L1 – Bounce off Confirmed Lower Trendline in Rising Channel

When price bounces off a confirmed lower trendline, it shows that the trendline is still viable. It also indicates that there is a good chance that price will advance far enough to provide a profitable trade. Here is an L1 signal on GE on 24-April-2013:

GE_L1_signal_20130424.png

The small black box on the trendline marks the bounce. The green diamond marks the signal date. The signal date may come several days after the bounce because the green diamond doesn't come on until one of the supporting indicators confirms the turn. By checking the accompanying channel chart we see that the channel has 3 touch points in the lower trendline and in the upper trendline, which means it is quite strong.

GE_channel_20130424.png

A conservative approach in this kind of situation is to wait for confirmation from the MACD (Moving Average Convergence/Divergence indicator – discussed more a bit later). However, if price declines rapidly it often turns up while the MACD is still headed downward. In this case, the MACD did not provide confirmation until April 29th. Entering on the 29th still would have provided a profitable trade, but even without MACD confirmation, the strength of the channel (both trendlines have 3 touch points) supports the credibility of the entry signal on the 24th.

Price bouncing off a confirmed lower trendline in a rising channel is the highest probability long signal, but it is always a good idea to check the other charts for confirmation.
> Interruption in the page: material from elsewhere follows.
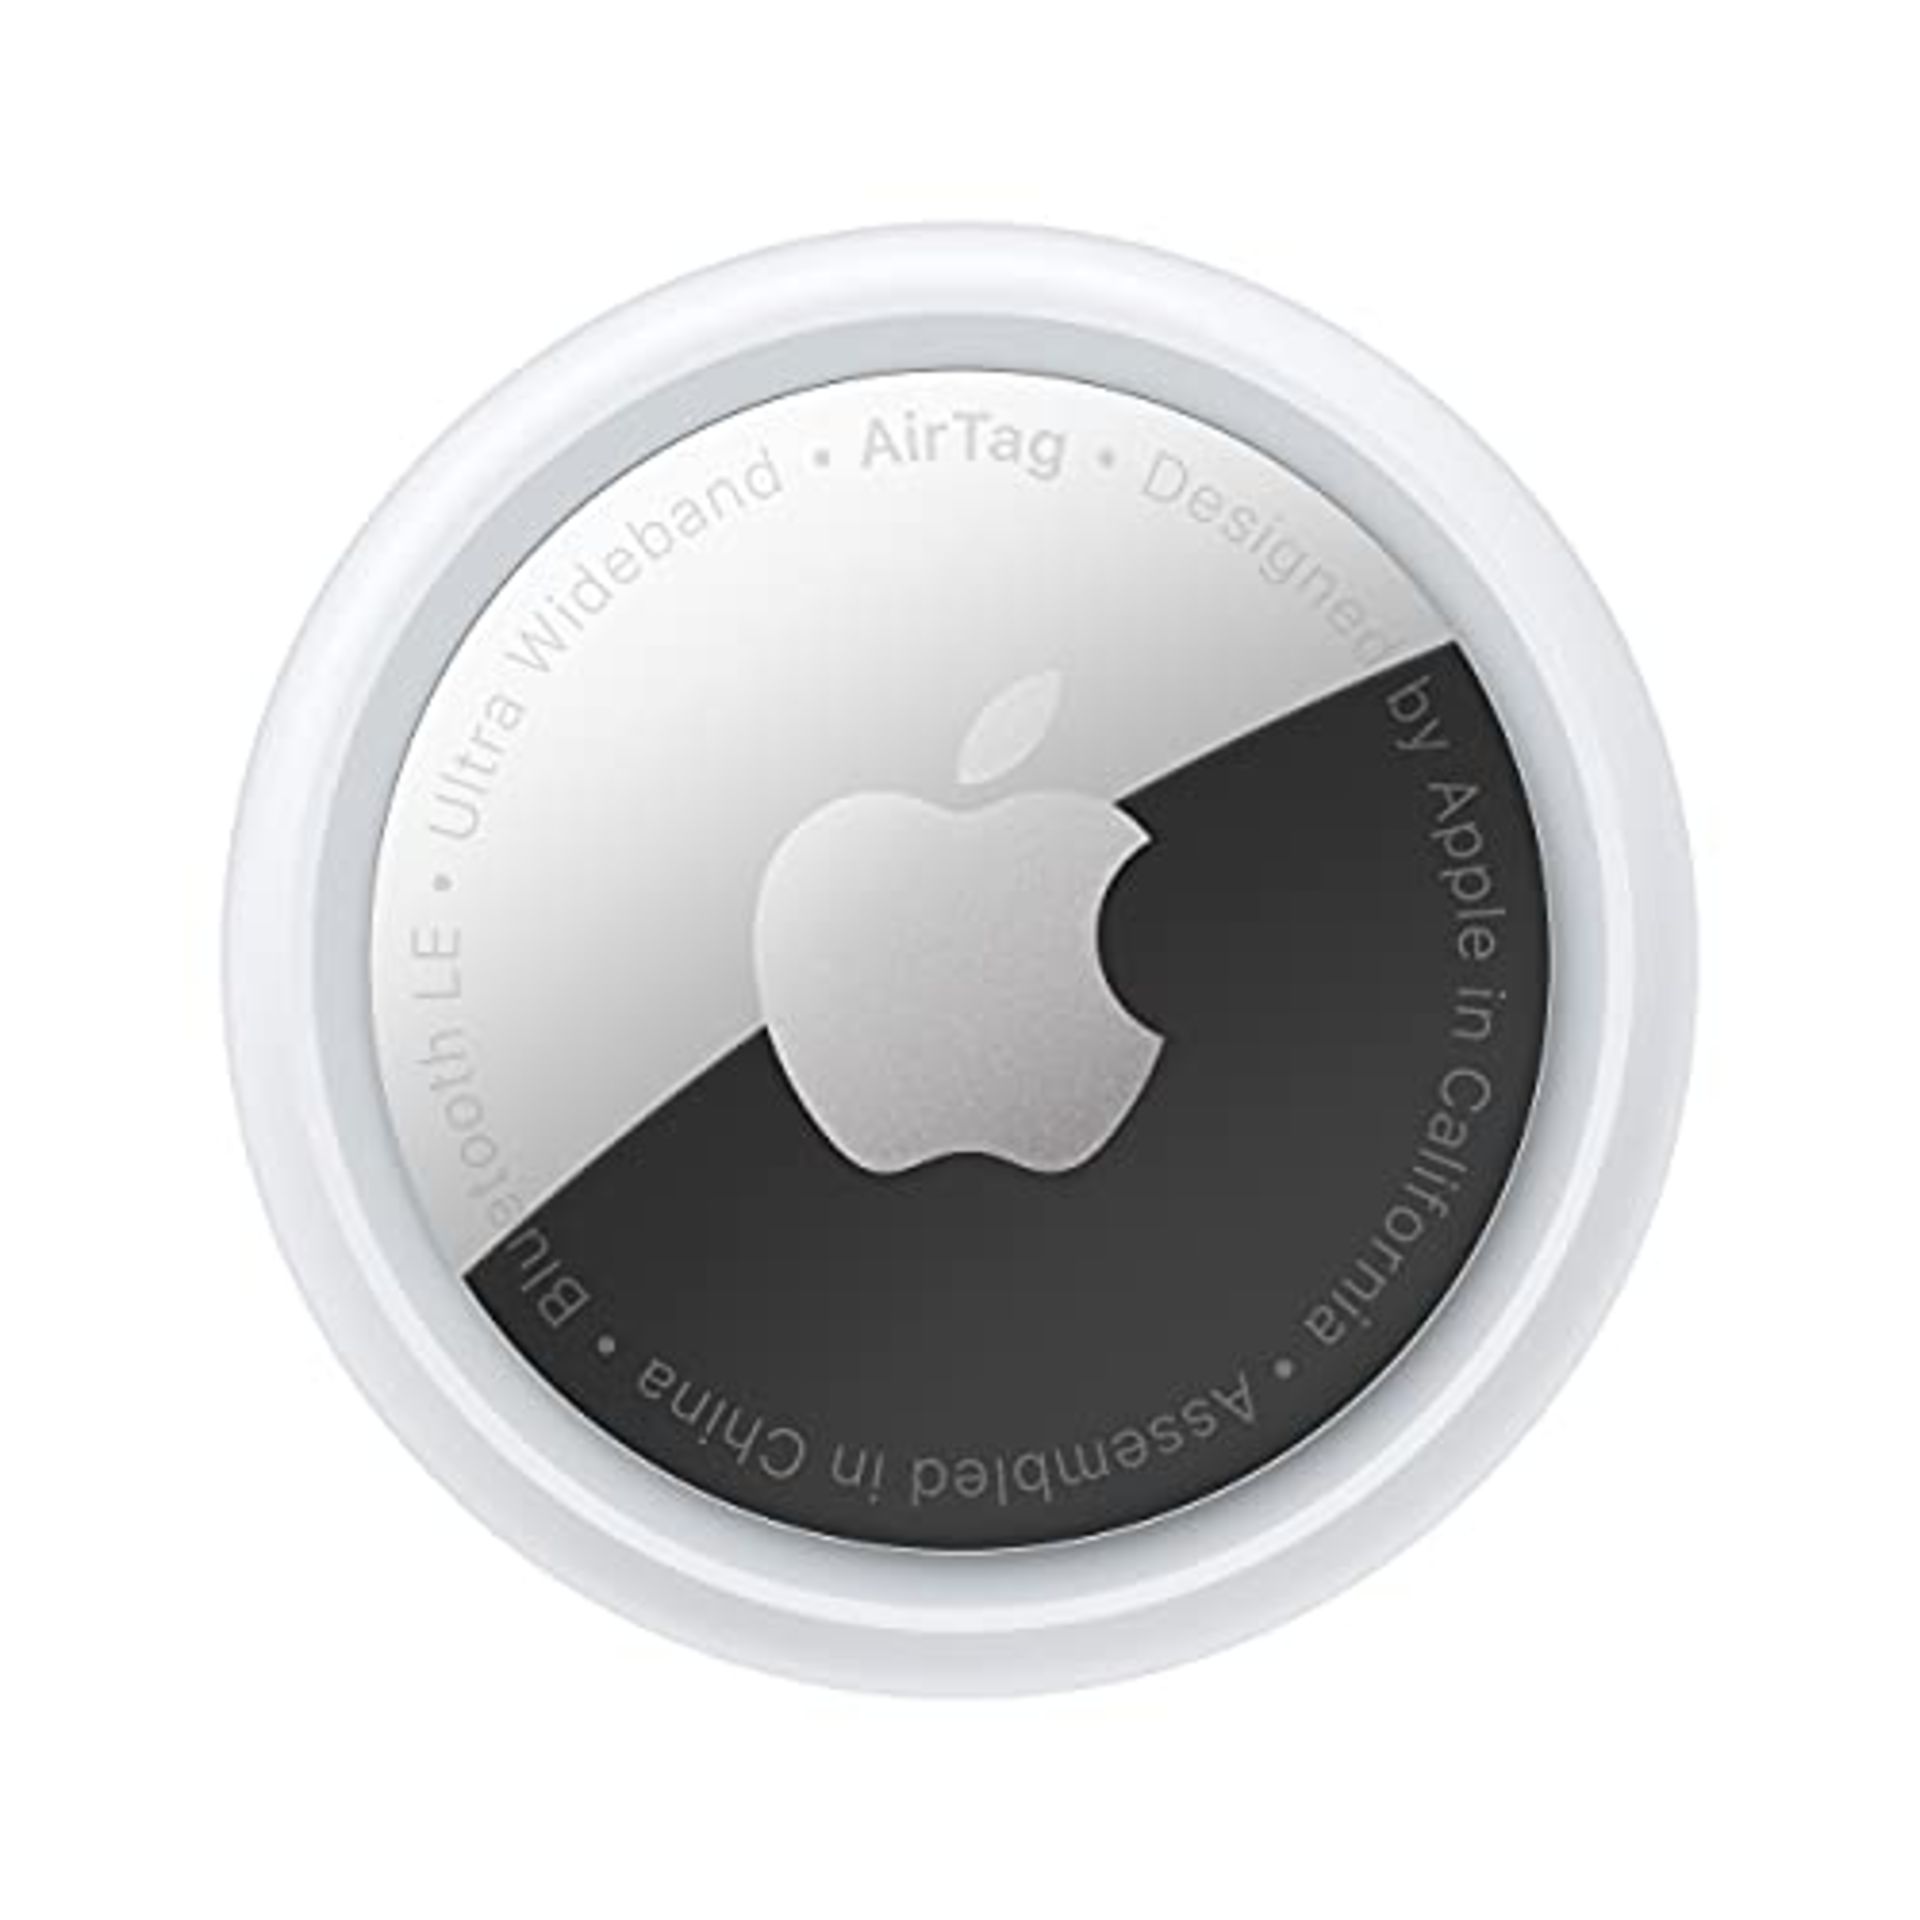 Apple AirTag. Track your keys, wallet, luggage, backpack. Replaceable battery. Water-r

L2 – Bounce off New Lower Trendline

While an L1 signal is generated by the third (or greater) touch point on the lower trendline, the L2 signal is triggered by the second touch point. In other words, the L1 signal comes from a bounce off an established trendline and the L2 signal comes from a bounce off a trendline that has just been identified.

MMM.20121119.EV_G0002.png

This signal is an L2 because the only two touch points for the lower trendline are 12-Jul-2012 and 15-Nov-2012. Both the high and low trendline are rising. Additionally, the other channels for MMM are also rising. Further support for this signal is that the Smooth RSI was recently under 20, and both the Smooth RSI and the MACD have confirmed the entry. Good collimation also added to the credibility of this signal.
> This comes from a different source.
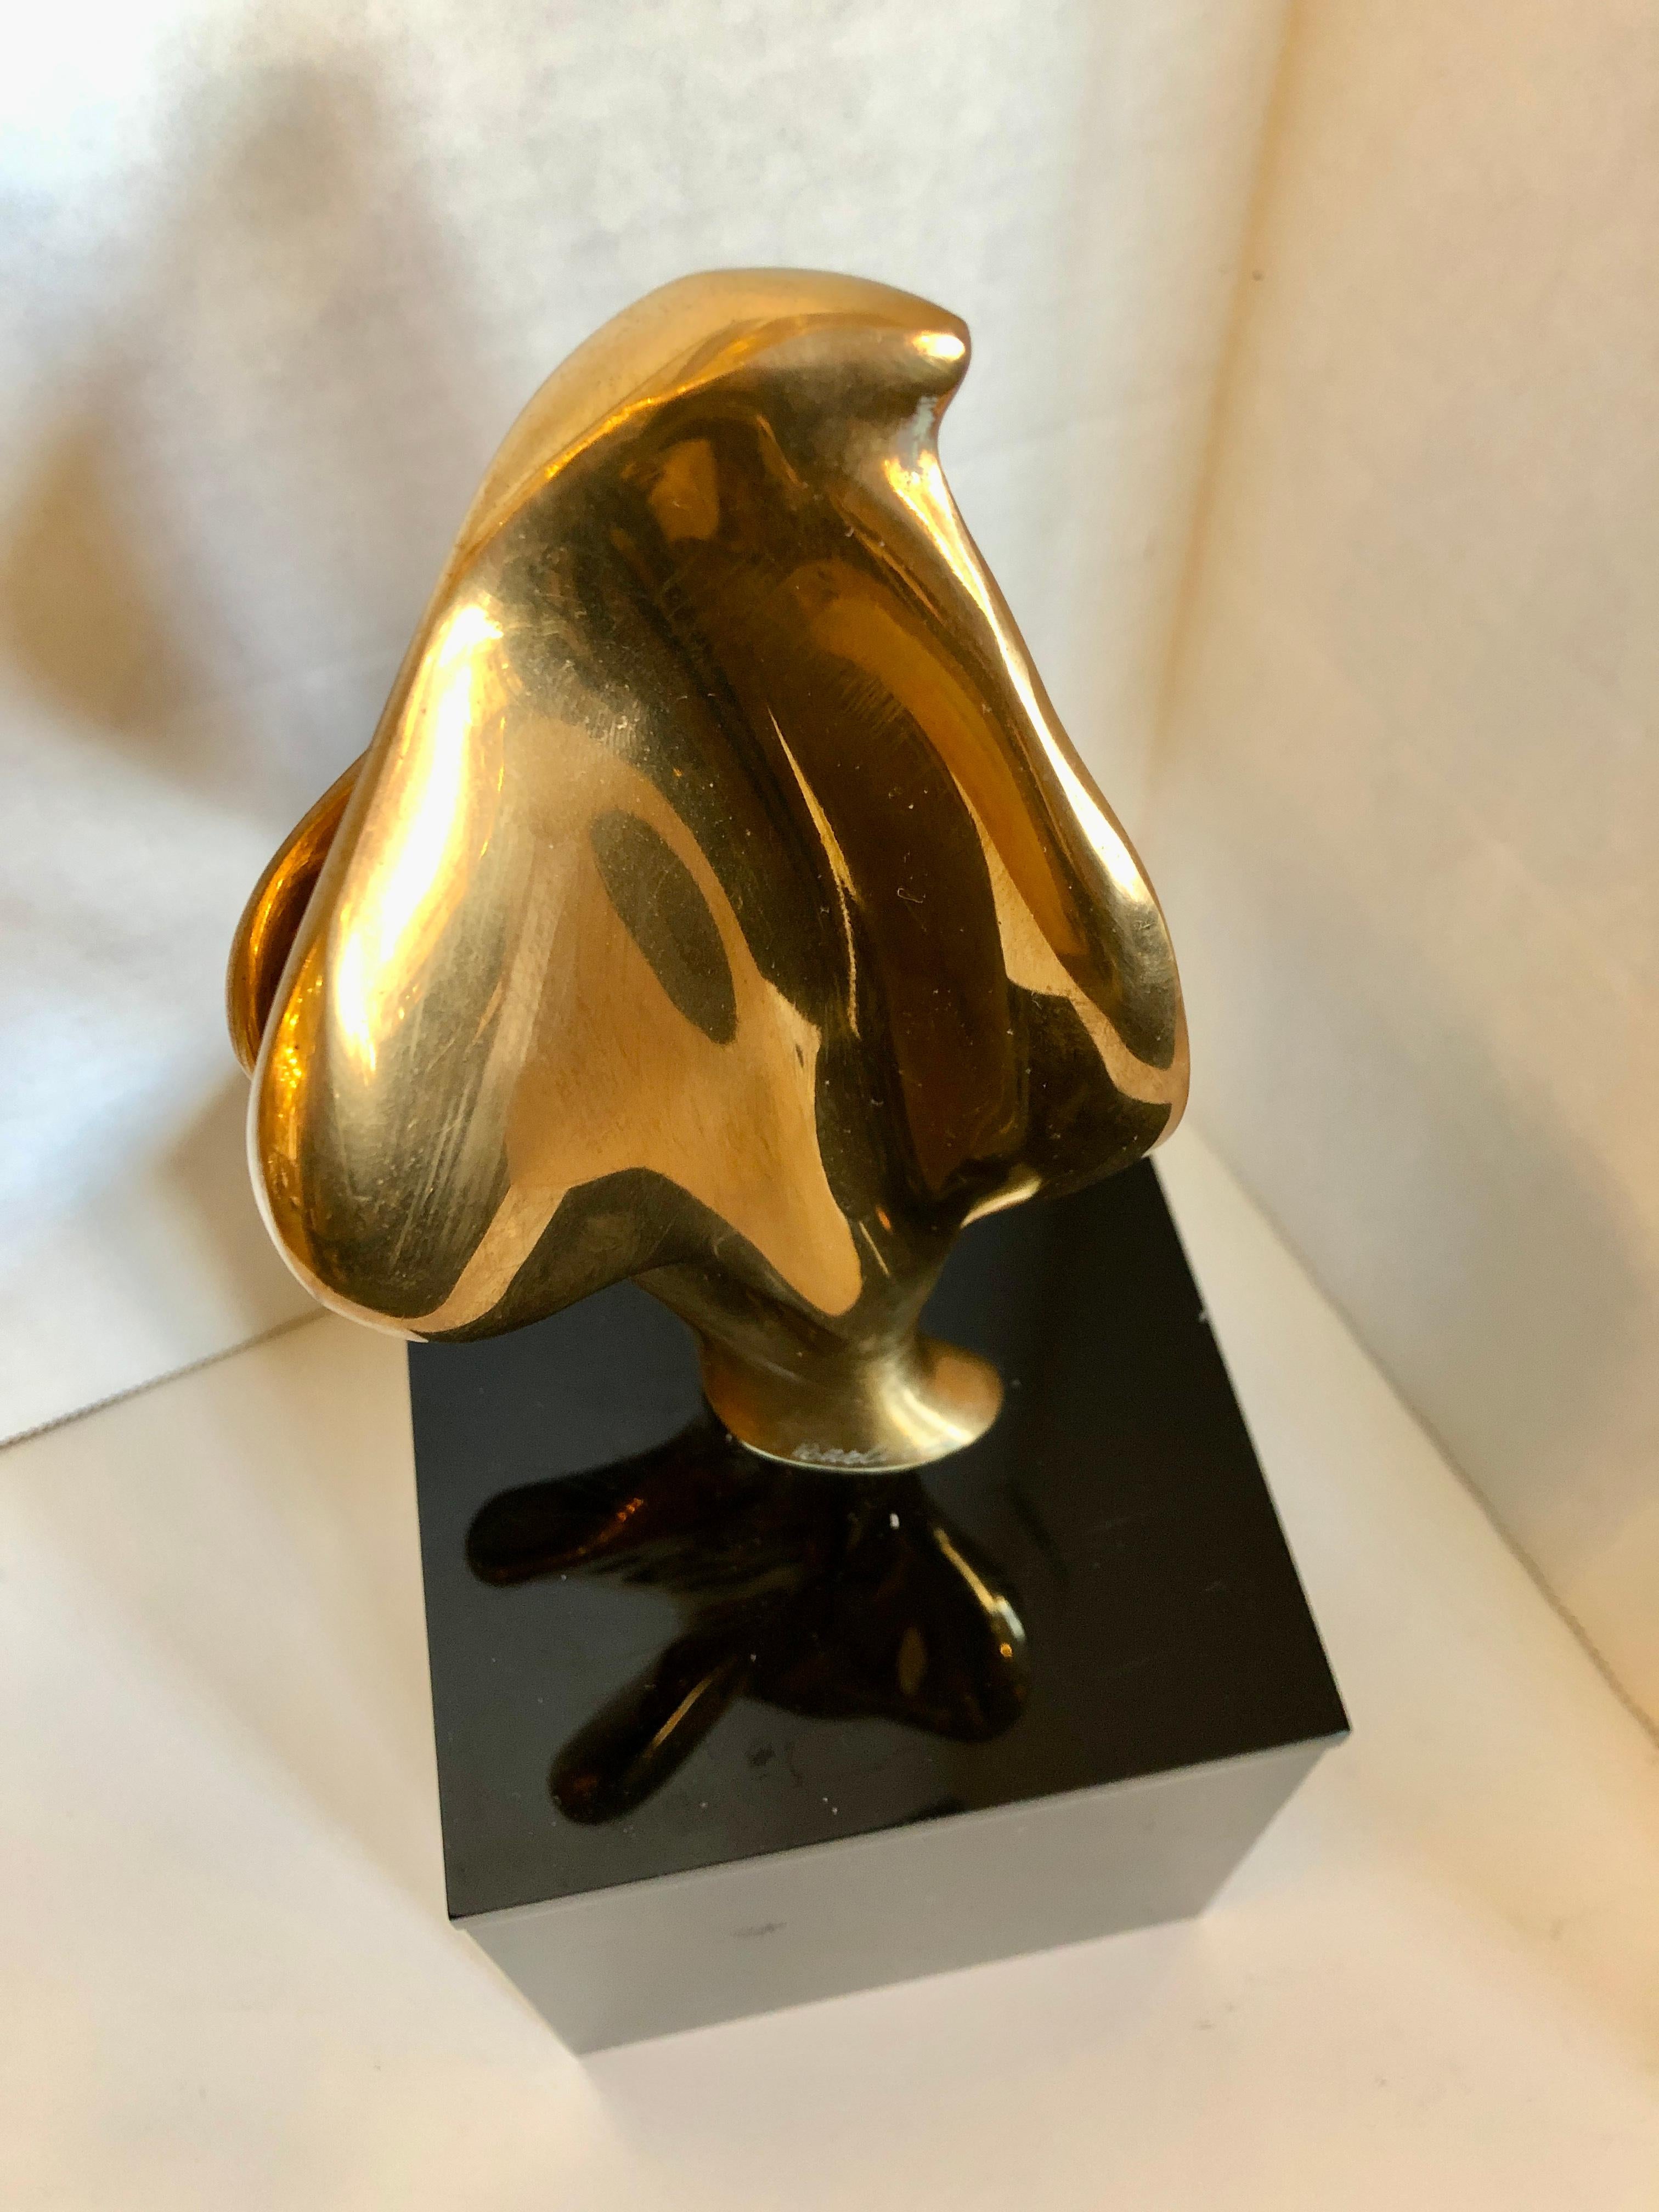 A Mid-Century Modern polished bronze biomorphic sculpture by Alfred Burlini raised on a black lucite base. Dated 1975 8/10.

L3 – Price Rising from Oversold Within Rising Channel

When price moves down rapidly enough to become oversold and then reverses within a rising channel, there is a good chance that it will then will advance far enough to provide a profitable trade. This is true even if it has not reached the lower trendline of the channel.

NEE.20130613.EV_G0003.png

L4 – Price Making New High

When price advances to a higher level than it has reached during the previous 52-weeks, there is a good chance that it will continue to advance. Here is an example of GS making a new high:

GS_20130110_L4.png

This is an example of a very good new high situation because the new high is occurring at the same time as other favorable conditions. Looking at the adjoining channel chart we see two things:

GS_20130110_CH.png

First, the new high is supported by a rising channel. (A new high without an accompanying rising channel is rare but it does happen.)

The second favorable condition is that price has just broken through the upper trendline of the channel. The high trendline in a channel can represent resistance to the continued advance of price; however, since price has broken through the upper trendline, we know that this will not be a problem in this case. (Four days earlier price made a new high, but that high was also a touch point for the upper trendline. Notice that price pulled back a little before proceeding upward. That pullback might have presaged a downturn, just like the touch point in October did.)

Overall, the L4 signal is the fourth highest probability long signal. There should always be a rising channel or at least a rising low trendline underneath price to support this signal. Be cautious of an L4 signal if:

  1. it is triggered by a price jump;
  2. the hew high is just below a high trendline; or
  3. the market as a whole is forming a top.

These conditions are discussed in the next section: "Evaluating Opportunities".